The Best (and Worst) Lame & Dodgy Dad Jokes 👋

Prepare for some lame & dodgy dad jokes that are so cringey, they’re actually hilarious! These jokes feature the cheesiest puns, awkward punchlines, and the kind of dad humor that makes you laugh despite yourself. Whether you love groaning or just enjoy a good eye-roll, our lame & dodgy dad jokes will deliver the perfect blend of silliness and charm. Explore the most delightfully awkward dad jokes that are sure to entertain!

“Dad, can you explain to me what a solar eclipse is?” No sun.

My wife and I let astrology get between us. It Taurus apart.

Why can’t you eat Wookie meat? Because it’s too chewy…

Two peanuts went walking down the street. One was assaulted.

My wife told me to quit doing my terrible Arnold impression, but don't worry, I'll return.

What did the cannibal choose as his last meal? Five Guys.

I went to buy a pair of camouflage pants, but I couldn’t find any.

What vegetable is cool, but not that cool? Radish.

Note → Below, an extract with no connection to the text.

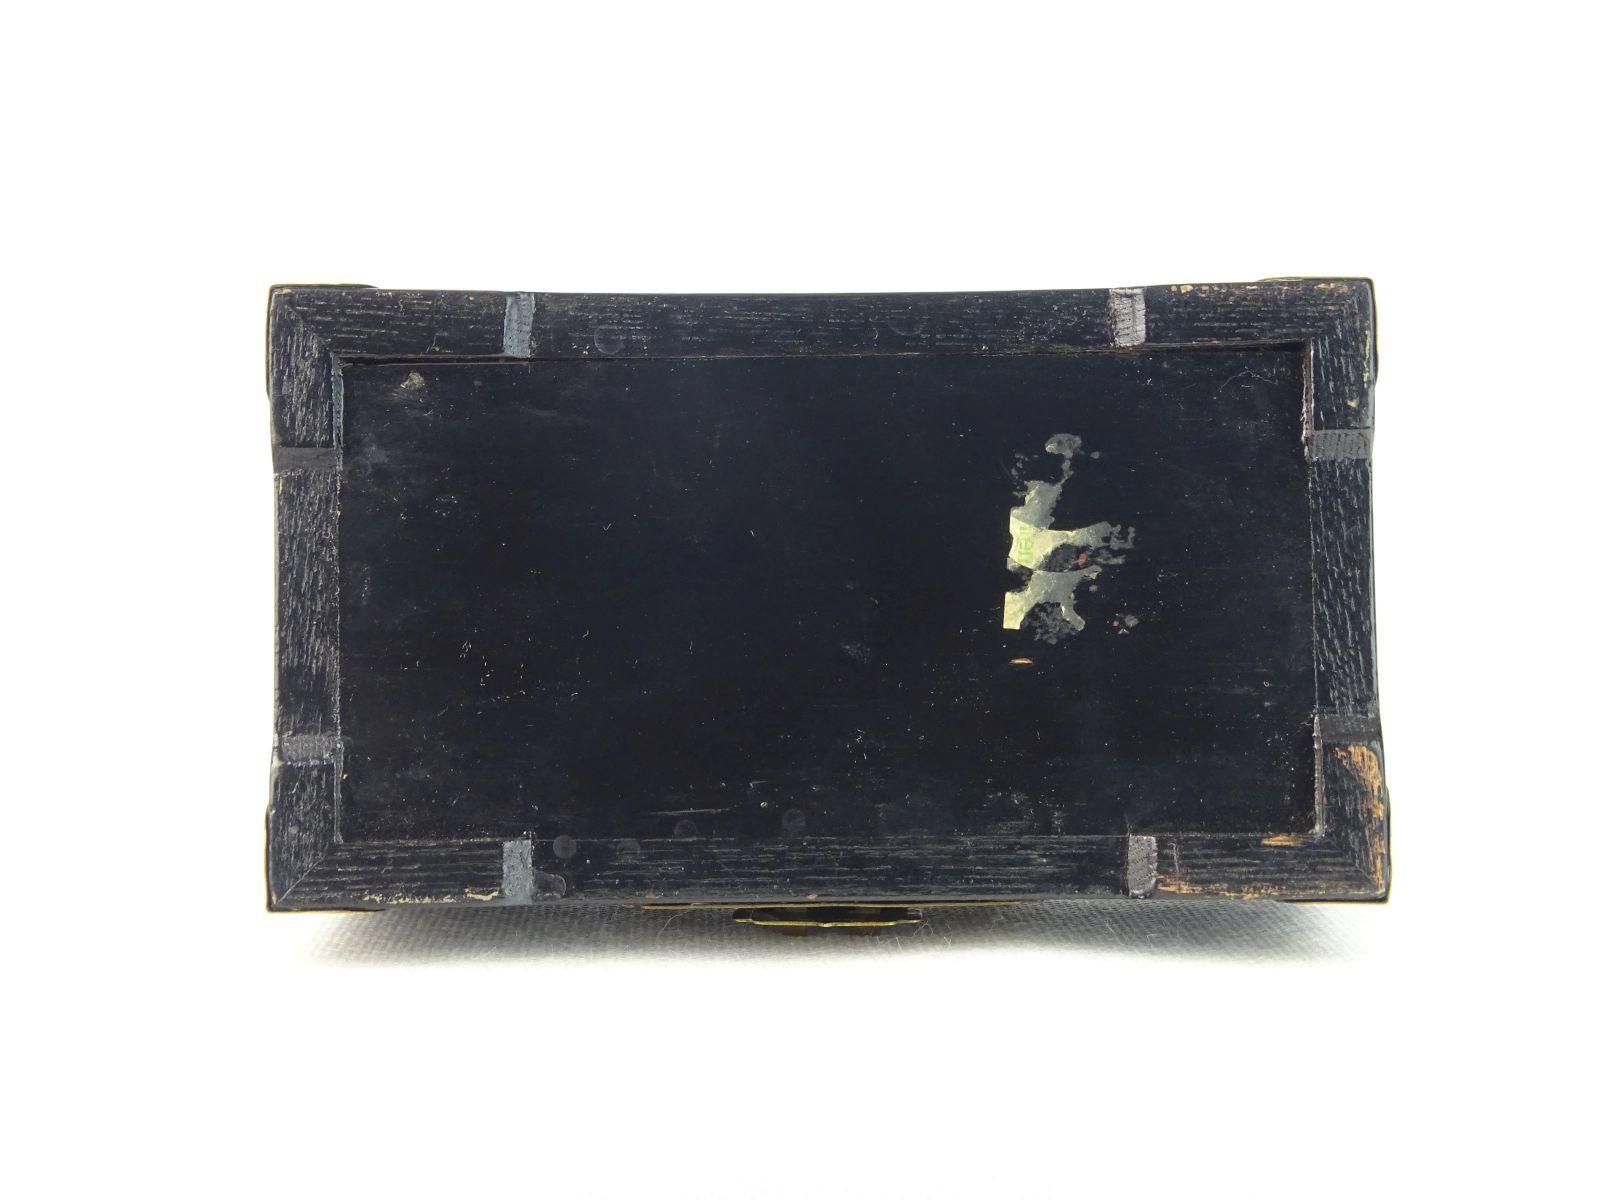 DSC08945.JPG (1600×1200)

What happened to the dating slices of bread that disappeared overnight? Turns out they e-loafed! I hope they grow mold together.

If two vegetarians get in an argument, is it still called beef?

Masturbation hurts. Signed, Edward Scissorhands

Someone once asked me "What's your favourite shade?" I said it was kind of a grey area

So I was going down on my grandmother and I tasted horse cum. Then I had a thought... what if that's how she died?

Whenever I get jury duty, I never make it through jury selection After all, no one wants a hung jury

My dad played basketball for Penn State! My bad, I meant state pen.